2.1   Capitalized terms used but not defined in this DPA have the meanings given elsewhere in the Agreement (primarily in the Master Services Agreement).

2.2   Concepts, terms and expressions in this DPA shall be interpreted in accordance with “Applicable Data Protection Laws”.

2.3   The term ”Applicable Data Protection Laws” shall for the purpose of this DPA mean any nationally or internationally binding data protection laws, case law and regulations, applicable within the European Union (the “EU”) or the European Economic Area (“EEA”) at any time during the term of this DPA, including the EU General Data Protection Regulation (“GDPR”), and which is applicable to Eurostep’s processing of personal data under this DPA.

3 List of appendices

The following appendices shall form part of the DPA:

  • Specification of data processing – Appendix 1
  • List of pre-approved sub-processors – Appendix 2

4 Processing of personal data

4.1    Eurostep undertakes to process personal data in accordance with Customer’s written instructions, unless otherwise required by Applicable Data Protection Laws to which Eurostep is subject. Customer’s instructions to Eurostep regarding the subject-matter and duration of the processing, the nature and purpose of the processing, the type of personal data and categories of data subjects are set forth in this DPA and in Appendix 1. The Customer may not process any sensitive personal data in the Service.

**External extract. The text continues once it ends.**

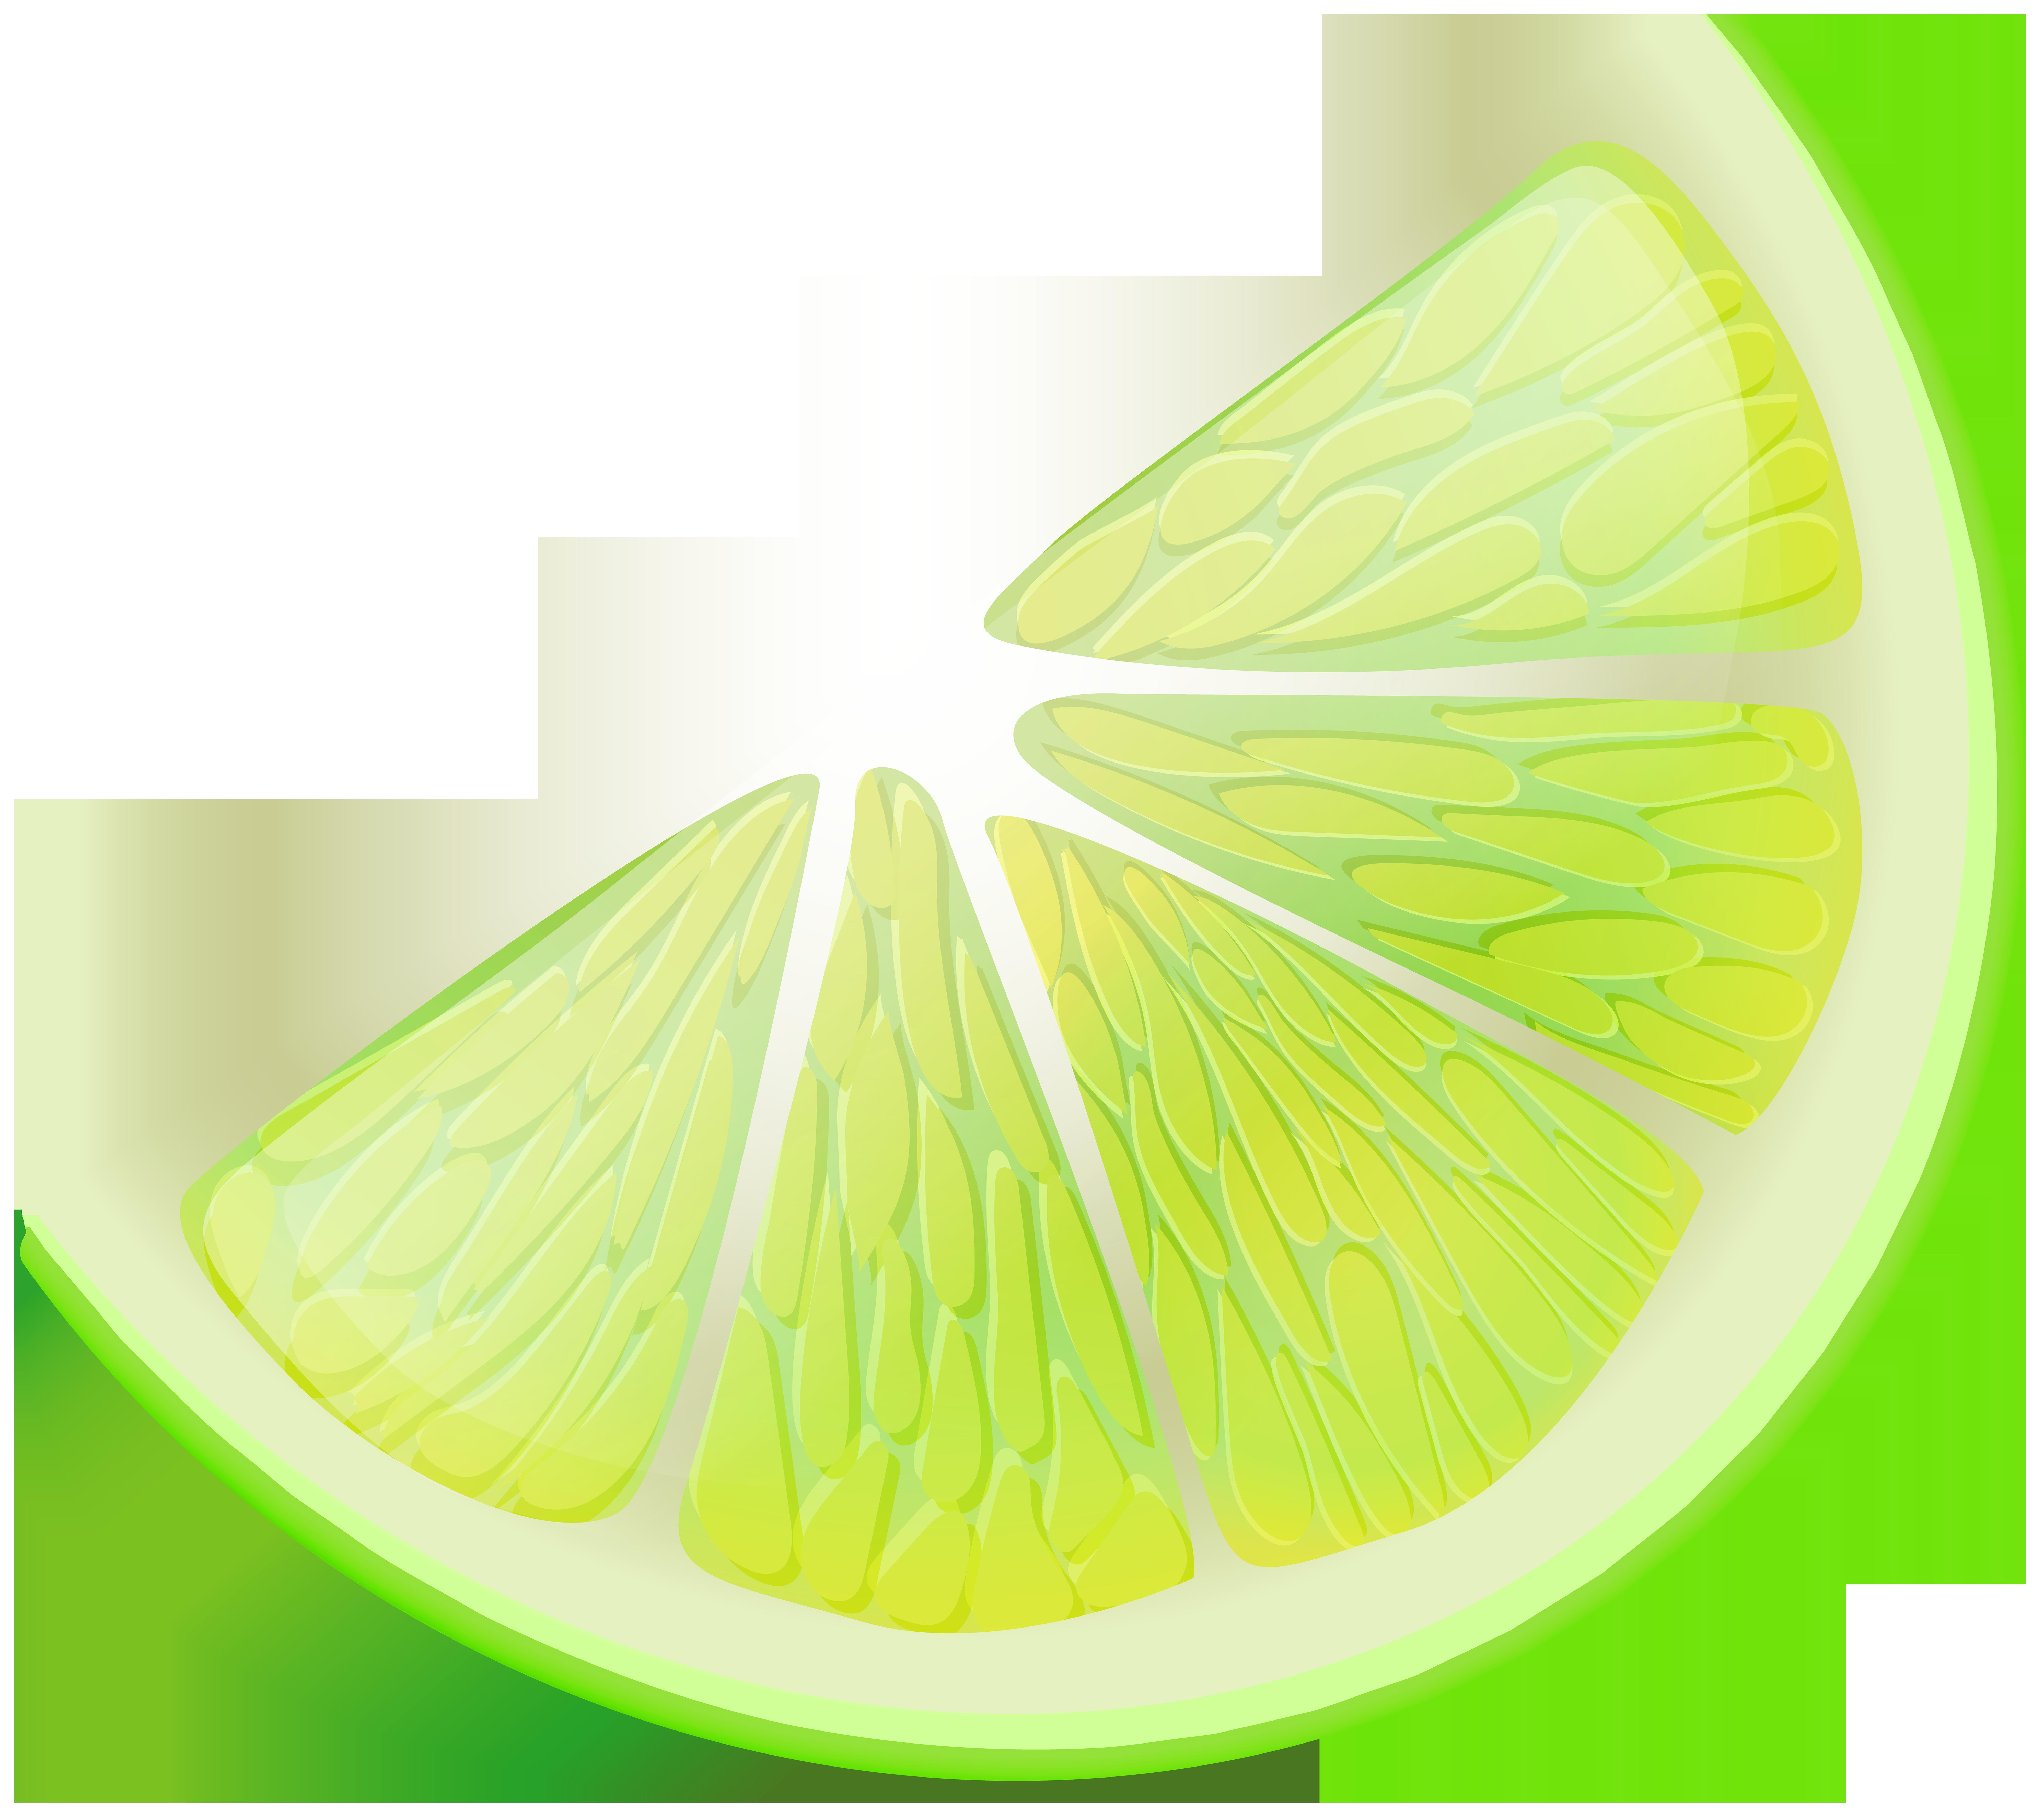 Lemon car clipart vector free library Lemon PNG Clip Art - Best WEB Clipart vector free library

4.2    Eurostep shall when processing personal data under this DPA comply with all Applicable Data Protection Laws.

5 Disclosure of personal data

5.1   Eurostep undertakes not to, with the exception of sub-processors that have been approved by Customer in accordance with Clause 6 below, without Customer’s prior written consent, disclose or otherwise make personal data processed under this DPA available to any third party, unless otherwise provided by Swedish or European law, judicial or administrative decision to which Eurostep is subject.

5.2   If data subjects, competent authorities or any other third parties request information from Eurostep regarding the processing of personal data covered by this DPA, Eurostep shall refer such request to Customer. Eurostep may not in any way act on behalf of or as a representative of Customer and may not, without prior instructions from Customer, transfer or in any other way disclose personal data or any other information relating to the processing of personal data to any third party.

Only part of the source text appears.